We interviewed 296 HCWs above 18 years of age using an online Web-based version of Hamilton anxiety scale. The anxiety was of four grades, zero grade, mild grade (<17), moderate grade (18 to 24), and severe grade (25 to 30).

Data were analyzed by using SPSS version 22.0. The study consisted of 184 (62.2%) males and 112 (37.8%) females. The distribution of HCWs included physicians handling COVID areas (48%), physician specialists working in non-COVID areas (26%), nurses working in COVID areas (10.5%), nurses and other HCWs in non-COVID areas (10.1%), and hospital administrators (5.4%). Among the 296 participants, 27 (9.1%) participants had no anxiety, 241 (81.4%) participants had mild anxiety, 11 (3.7%) participants had moderate anxiety, and 17 (5.7%) participants had severe anxiety (Fig. 1). Statistical analysis showed that 53% of males had mild anxiety compared to 28.4% females. However, female participants (6.7%) had higher levels of moderate to severe anxiety when compared to male participants (2.7%), which was statistically significant (p value < 0.001). Mild anxiety was reported in 16.9% of participants in the age-group between 20 and 30 years, 35.5% in the age-group of 30 to 40 years, 18.9% in the age-group between 40 years and 50 years, and 10.1% of older participants (more than 50 years). No statistically significant difference in anxiety was observed between any of the age-groups (p value 0.113). The level of moderate to severe anxiety was higher among nurses and physicians working in COVID areas compared to the specialists working in non-COVID areas and hospital administrators. No difference in anxiety levels was observed in HCWs between public and private hospitals (Fig. 2).

After the COVID outbreak in China, the focus is mainly to break the chain of transmission, concentrate on various therapeutic strategies, vaccine research, and arrange logistics for proper handling of patients. The focus on mental health is also gaining importance.

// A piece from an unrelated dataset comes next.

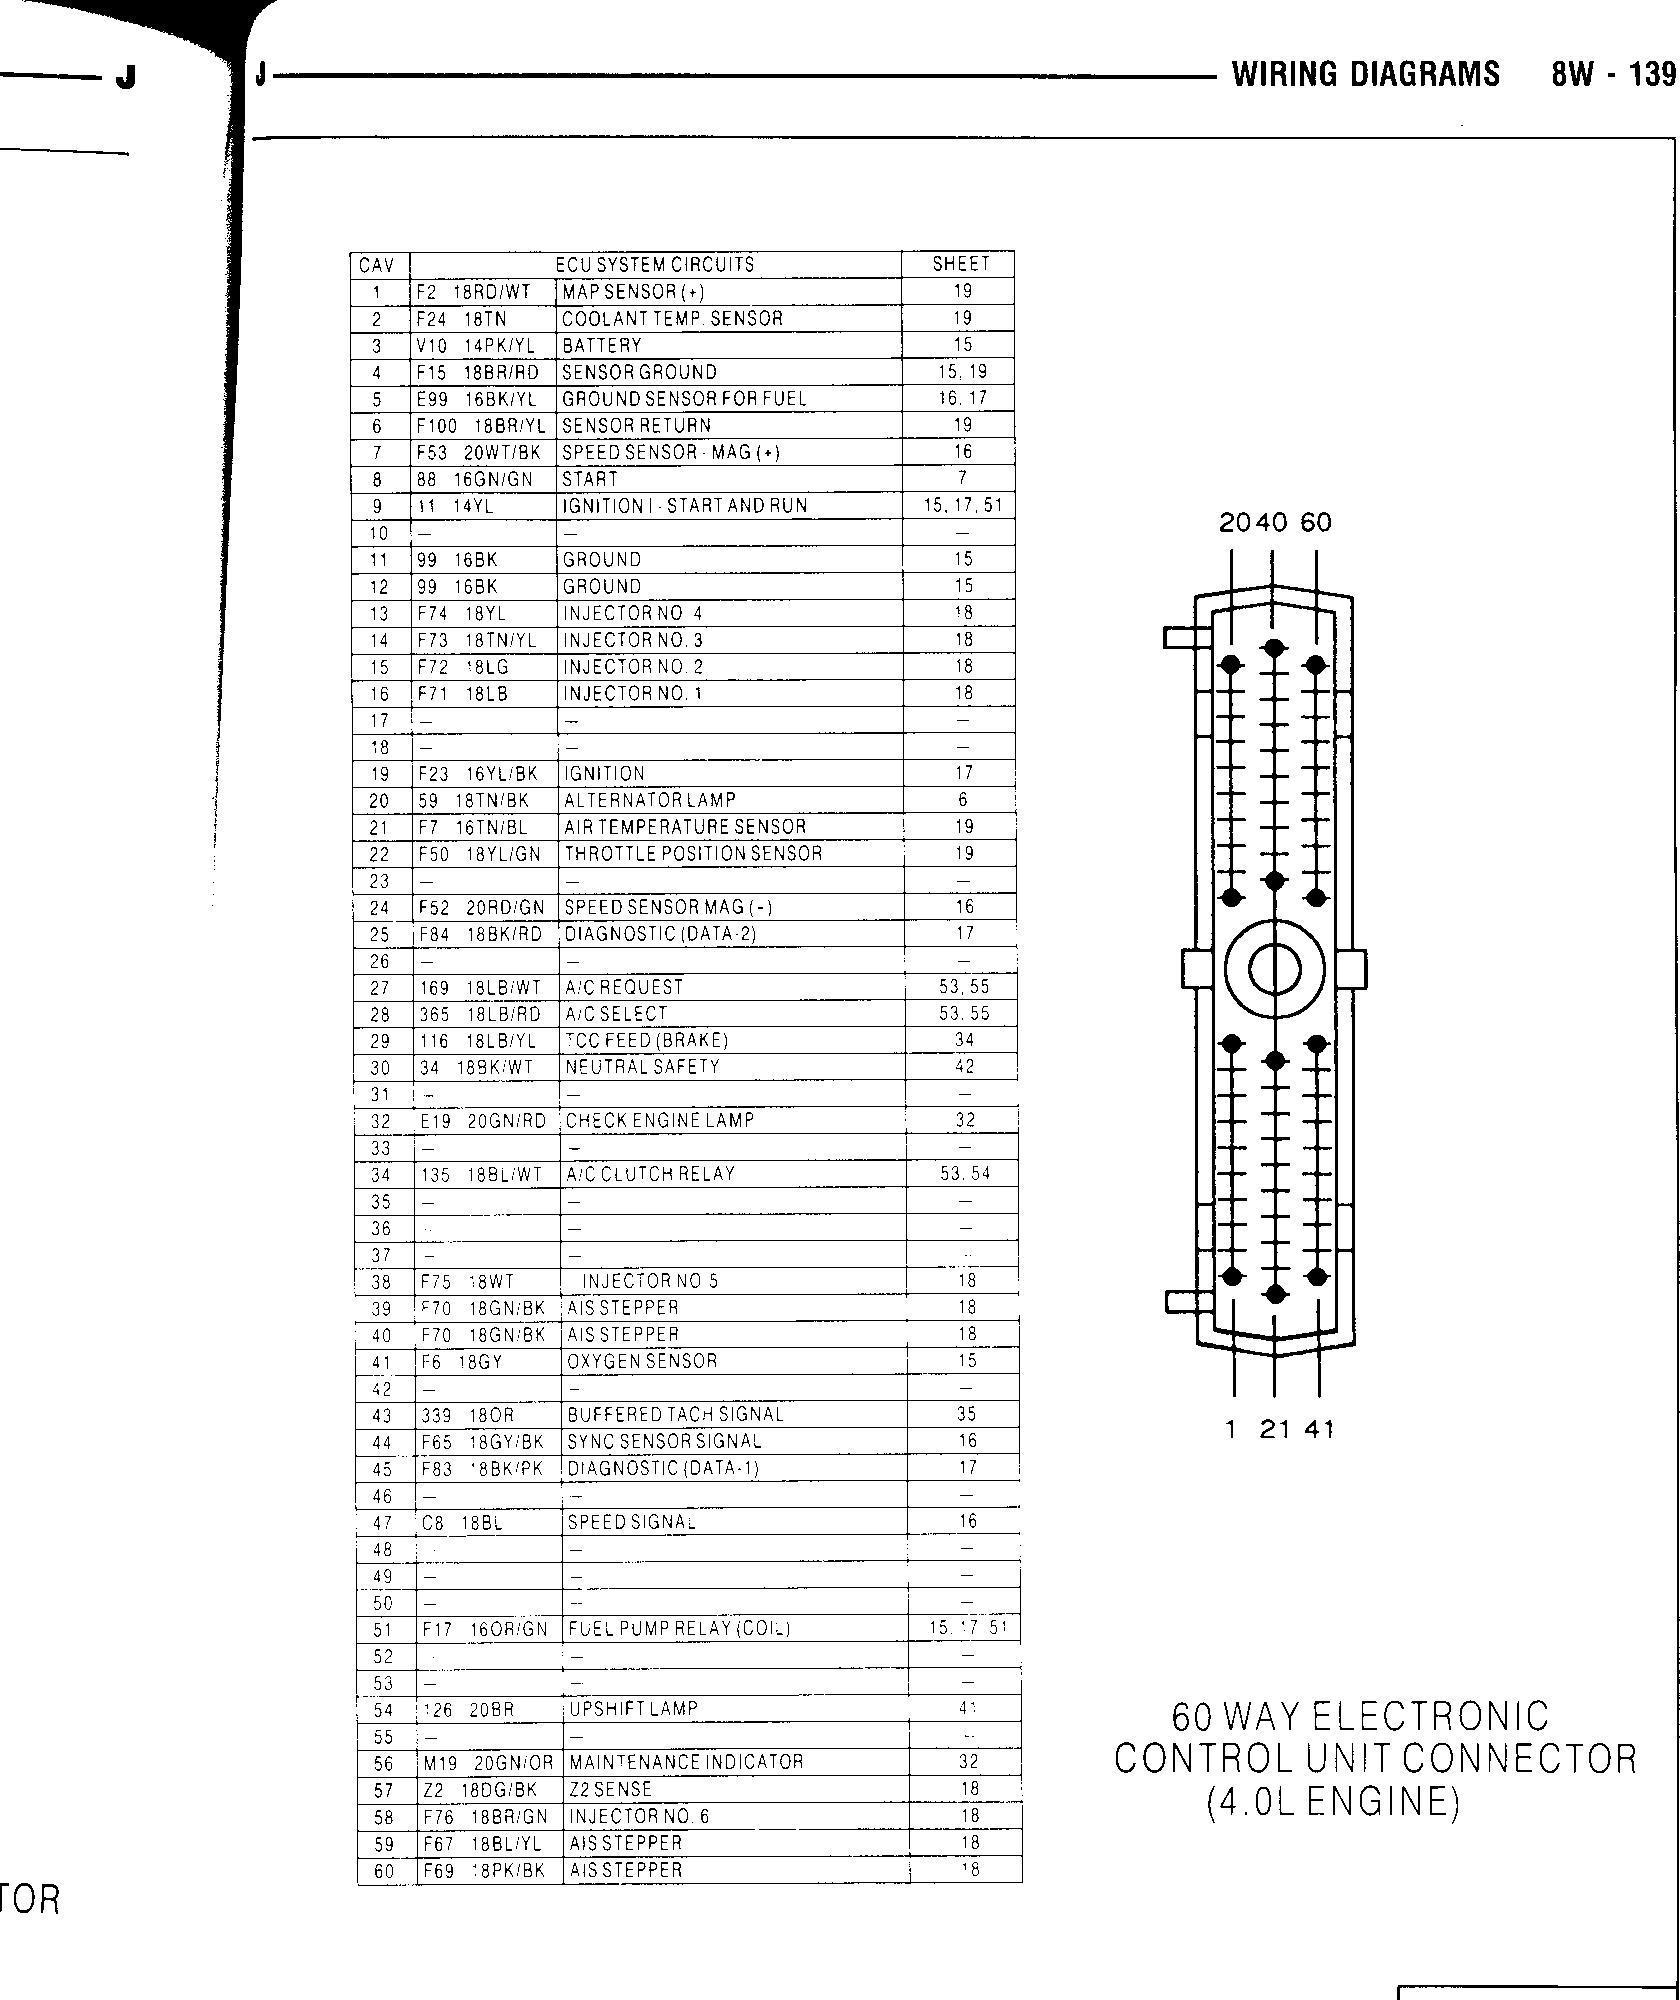 4.0l-ecu-connector.jpg

Fig 1:: Distribution of anxiety grades among healthcare workers

Fig 2:: Distribution of anxiety in different groups of participants

Our assessment demonstrated that most of the participants (90.9%) had anxiety and around 10% had moderate to severe anxiety. The levels of moderate to severe anxiety were higher in females compared to males. It was also noted that HCWs involved in the care of the COVID patients had significantly higher anxiety than those who were not.

Other studies have also shown a similar picture. In a survey done among HCWs in hospitals treating COVID patients in Wuhan, China, an increase in psychological burden was seen among female participants and nurses who were directly involved in treating and caring COVID patients.3

Another study conducted in 662 participants (50% of which were HCWs) in India showed significant feelings of anxiety, apprehension, and worries due to COVID 19 pandemic.4 An article published in April 2020 in JAMA regarding understanding and addressing the sources of anxiety among HCWs, it guides us to use strategies such as addressing PPE shortage, reducing the working hours, and providing adequate support to females for childcare as few examples to mitigate anxiety.2

Thus, anxiety is a hidden problem in HCWs. We feel that preventive strategies such as screening for anxiety, education about transmission of COVID 19, and psychosocial support are the need of the hour. As the whole world is gearing to handle the pandemic, issues regarding the anxiety of frontline warriors also need to be addressed.


1. Cucinotta D, Vanelli M. WHO declares COVID-19 a pandemic. Acta Biomed 2020;91(1):157–160. DOI: 10.23750/abm.v91i1.9397.

2. Shanafelt T, Ripp J, Trockel M. Understanding and addressing sources of anxiety among health care professionals during the COVID-19 pandemic. JAMA 2020. DOI: 10.1001/jama.2020.5893.

3. Lai J, Ma S, Wang Y, Cai Z, Hu J, Wei N, Wu J, et al. Factors associated with mental health outcomes among health careworkers exposed to coronavirus disease 2019. JAMA Netw Open 2020;3(3): e203976. DOI: 10.1001/jamanetworkopen.2020.3976.

4. Roy D, Tripathy S, Kar SK, Sharma N, Verma SK, Kaushal V. Study of knowledge, attitude, anxiety and perceived mental healthcare need in Indian population during COVID-19 pandemic. Asian J Psychiatr 2020;51: 102083. DOI: 10.1016/j.ajp.2020.102083.